Public plan organizations, representatives and attorneys are currently urging the Service to consider a ruling position with regard to Revenue Ruling 2006-43 that clarifies that a CODA does not include an irrevocable election to prospectively modify contributions or accruals under an existing broad-based qualified governmental defined benefit plan (available to all similarly situated individuals in a reasonably equivalent manner), if made pursuant to any provision of federal, state, or local law (including any administrative rule or policy and any collectively bargained provision adopted in accordance with such law).

However, certain public employee unions – but not all -- are concerned with the implications of the Orange County plan and the temptation it presents to current employees to waive their constitutional guarantees to their current benefits. These unions have urged Treasury and the IRS to follow a strict interpretation of Revenue Ruling 2006-43 and find that individually elected contributions should continue to be excluded from treatment as employer “pick-up” contributions.

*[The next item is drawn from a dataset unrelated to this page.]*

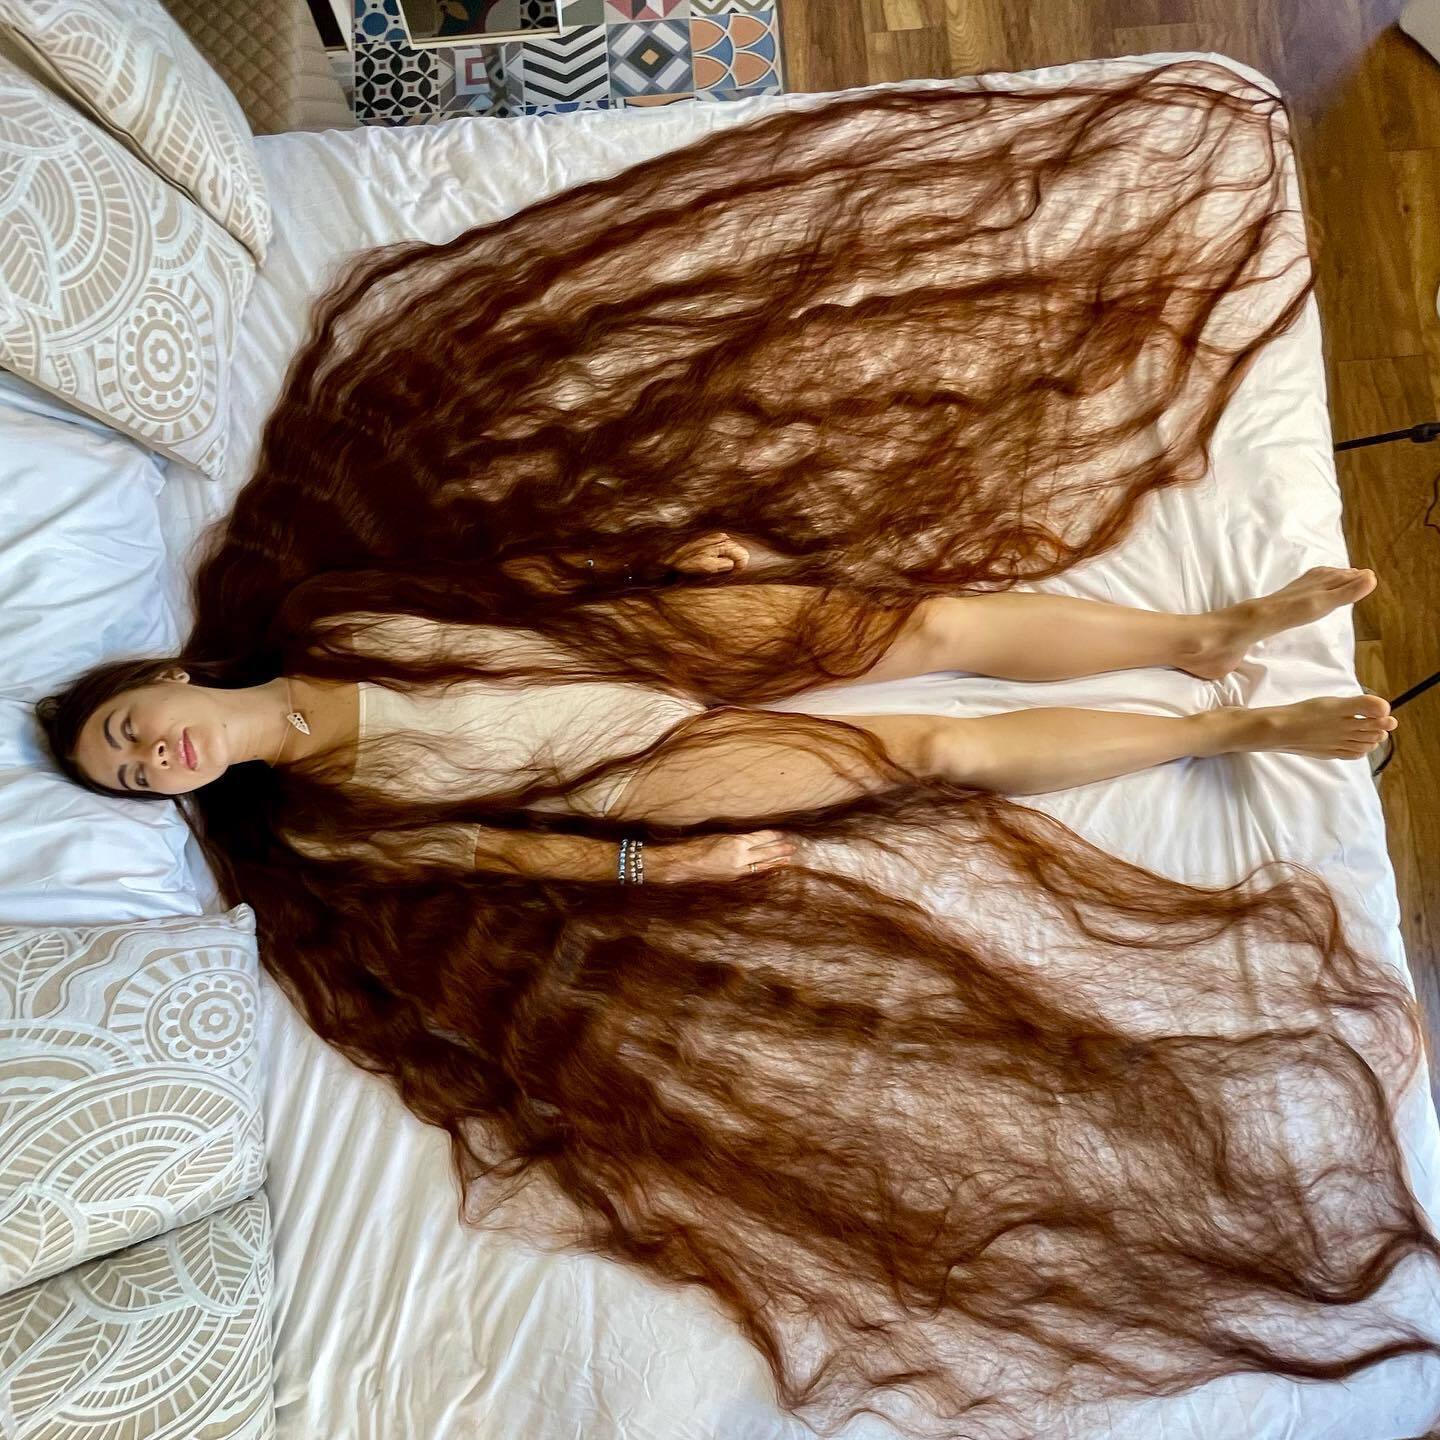 A Ukrainian woman entered the Guinness Book of World Records as the owner of the world's longest hair: what does Rapunzel Aliya Nasirova look like?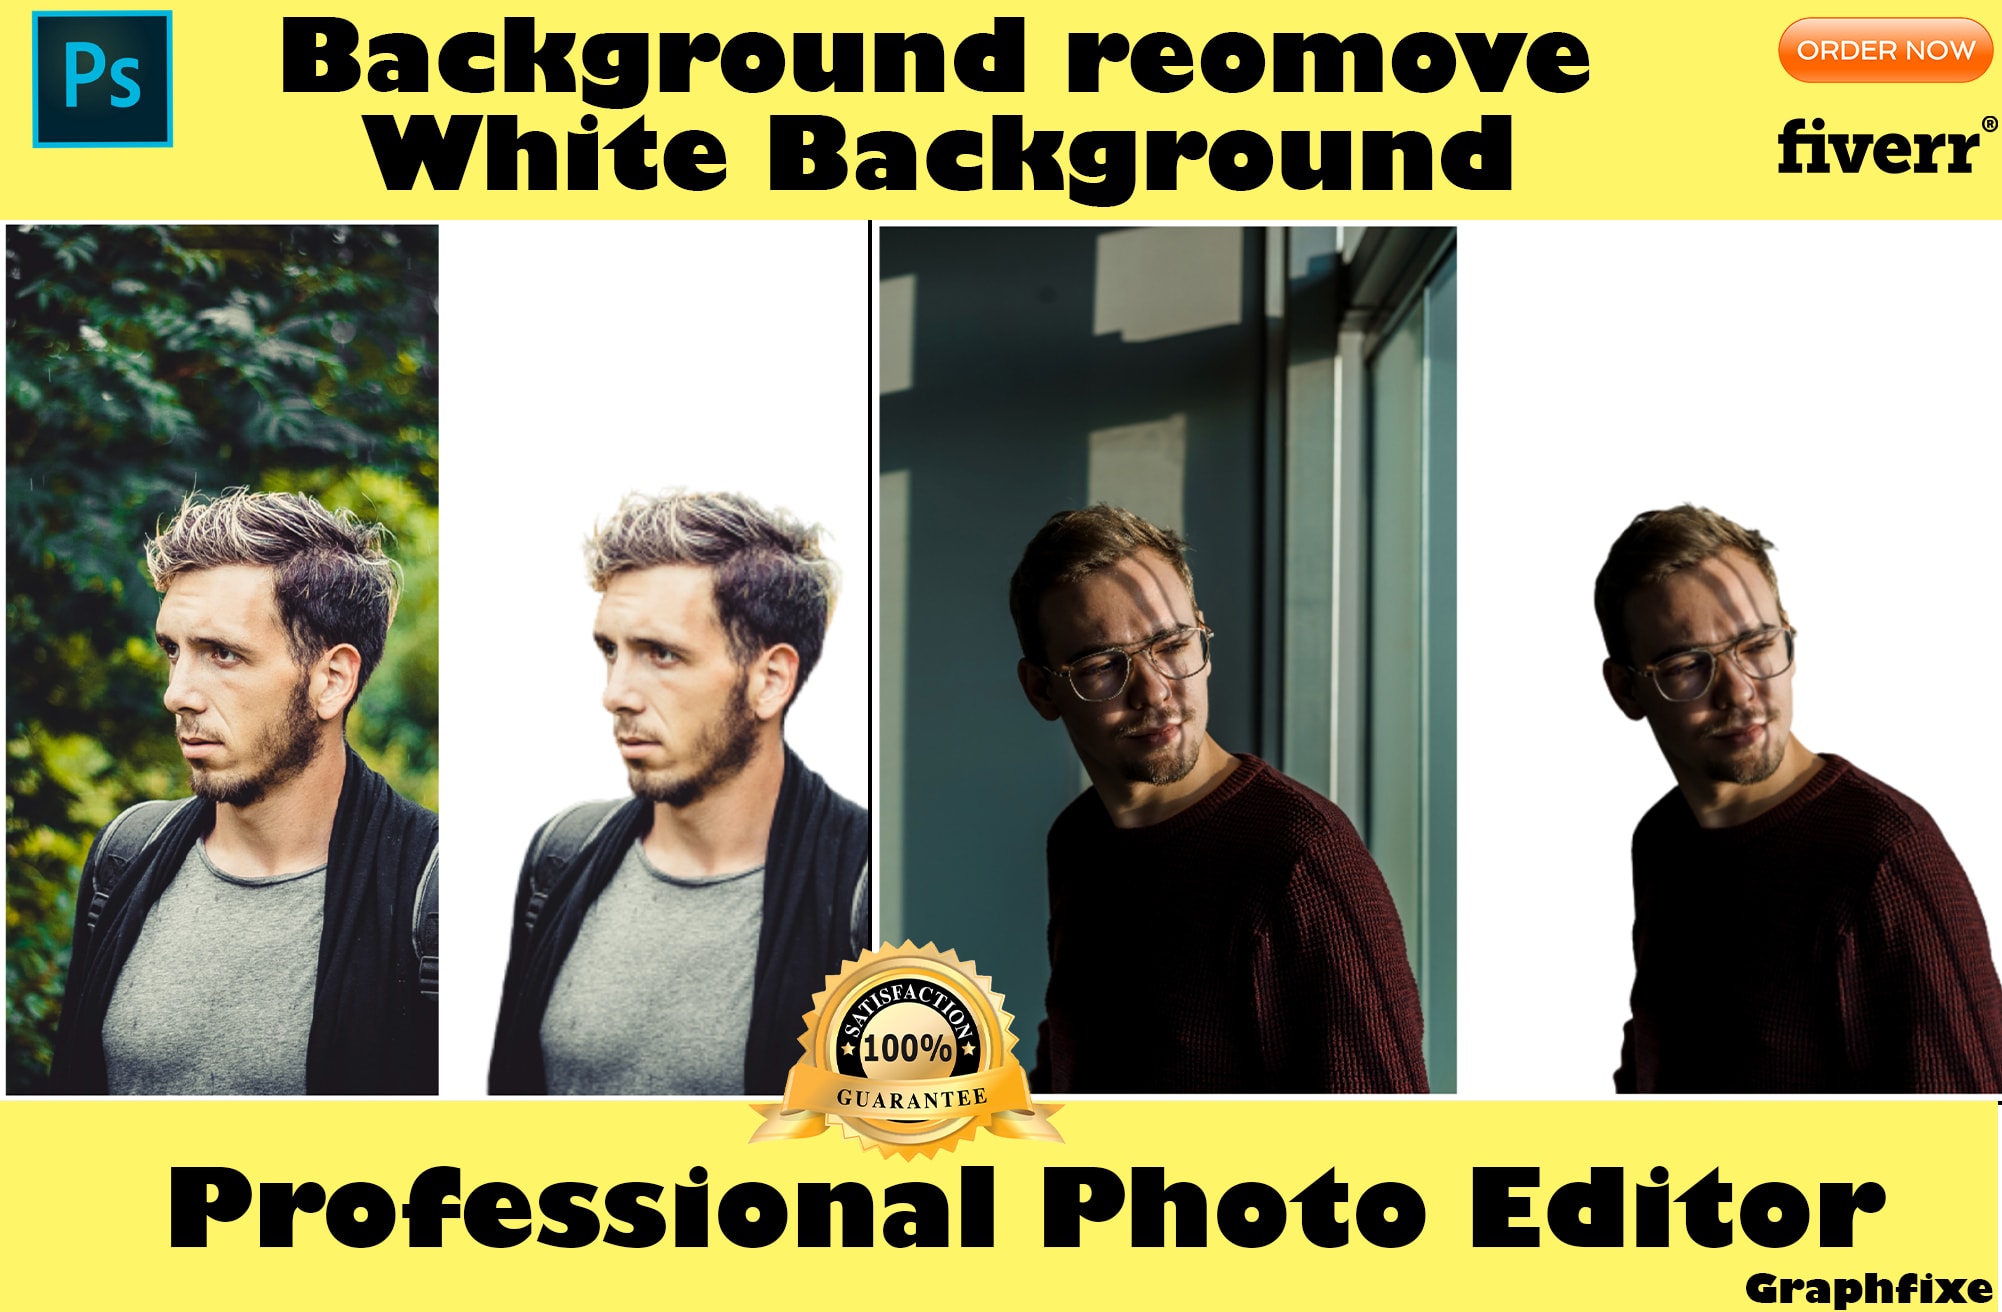 Do photoshop editing remove background face swap by Graphfixe | Fiverr

There is clearly a feeling at the IRS and Treasury that this is becoming a major political problem. The fact that there is not unanimity as to a resolution of the issue among the various public sector organizations is also viewed as a problem and has likely been a factor in the delayed response. There are also reports that the IRS is considering a very narrowly-drawn, fact-specific PLR that simply recites the facts of the Orange County situation and states that this does not present a CODA.

In any case, it appears that pressure from Capitol Hill for a response to the pending PLR requests means that something is likely to happen sooner rather than later.